If beside this pure and lofty idealism, grafted upon Roman patriotic feeling, we set the somewhat crude syncretism of the Saturnalia, we have a true reflection of all the higher thought of fourth century Paganism — except daemonology and its lower accompaniment, magic. Of the former we have no direct indication beyond a doubtful etymology.

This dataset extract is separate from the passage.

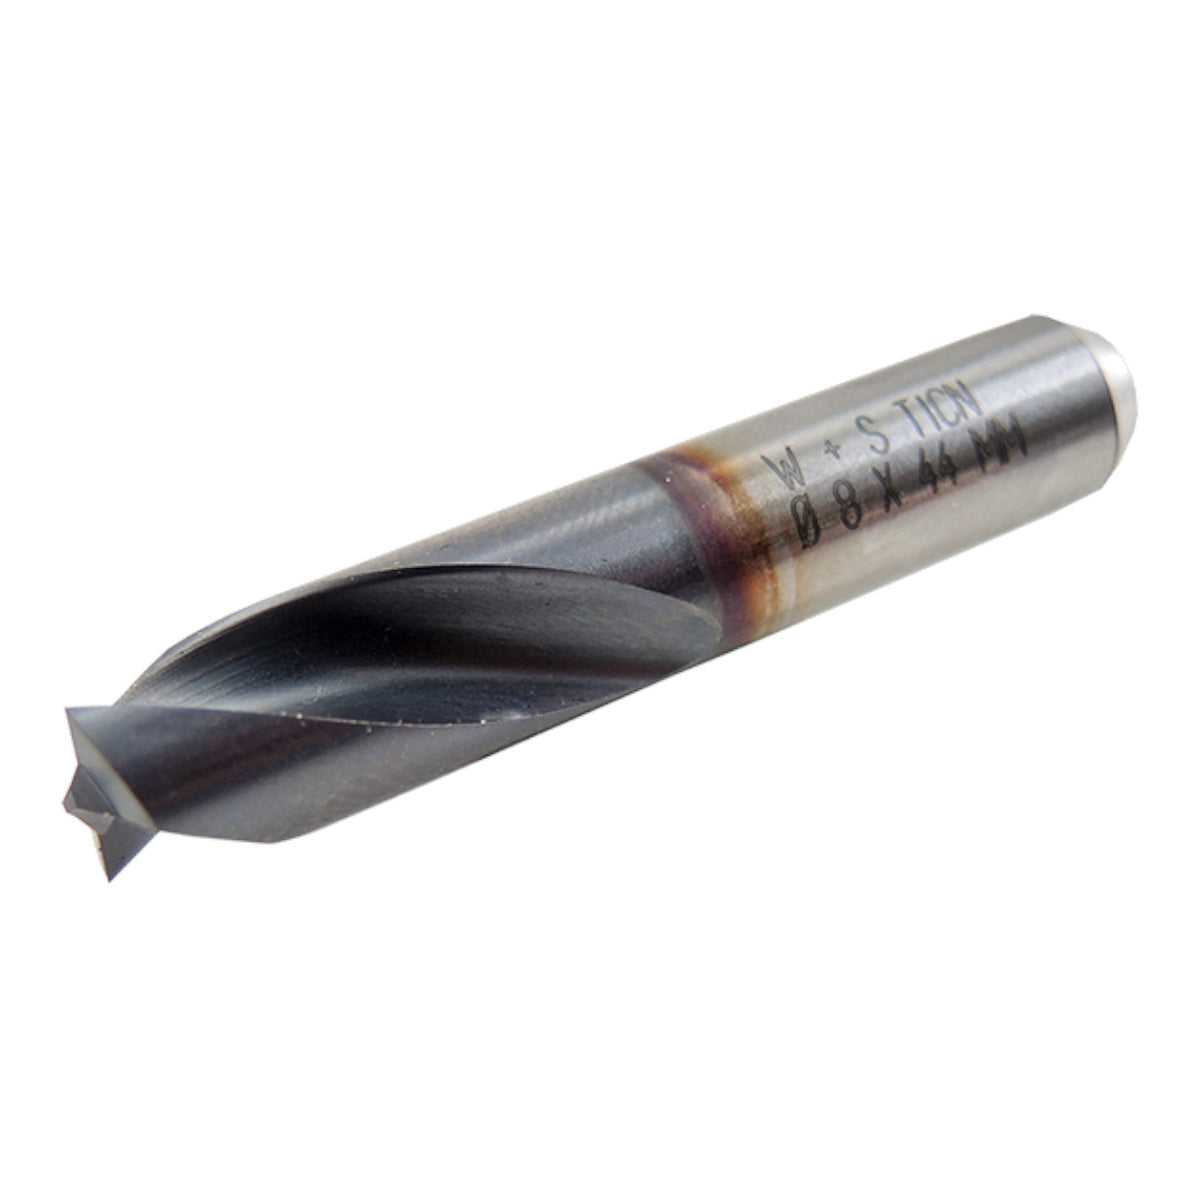 Spot weld cutter Z2 | Ø 8 × 44 mm | TiCN

The latter is present, but only in its least objectionable form, viz. divination. The omission is the more remarkable since daemonology was a salient feature of the Neoplatonic system, and magic was its inevitable outcome. For the god of Neoplatonism was a metaphysical abstraction, yet a cause, and therefore bound to act, since a cause must have an effect Being above action Himself, there must be a secondary cause or causes. And the Platonic philosophy provided a host of intermediary beings who bridged the chasm between earth and God, and who interpreted and conveyed on high the prayers of men. The ranks of these divine agents were largely supplied by the old heroes and daemons, who in the popular imagination were omnipotent, watching over human affairs.
All daemons however were not equally beneficent. At the bottom of the scale of nature lurked evil daemons, powers of darkness ceaselessly scheming man's destruction. It was to these supernatural beings, good and bad, that his mind turned in hope or fear. He dreaded the evil daemons and sought to charm them; he loved the good and addressed to them his prayers and worship. Plotinus indeed forbade but could not prevent the worship of daemons, for he admitted their real existence. With Porphyry (d. c. 305) the tendency towards daemonological rites is clearly marked; with Proclus the habit is established.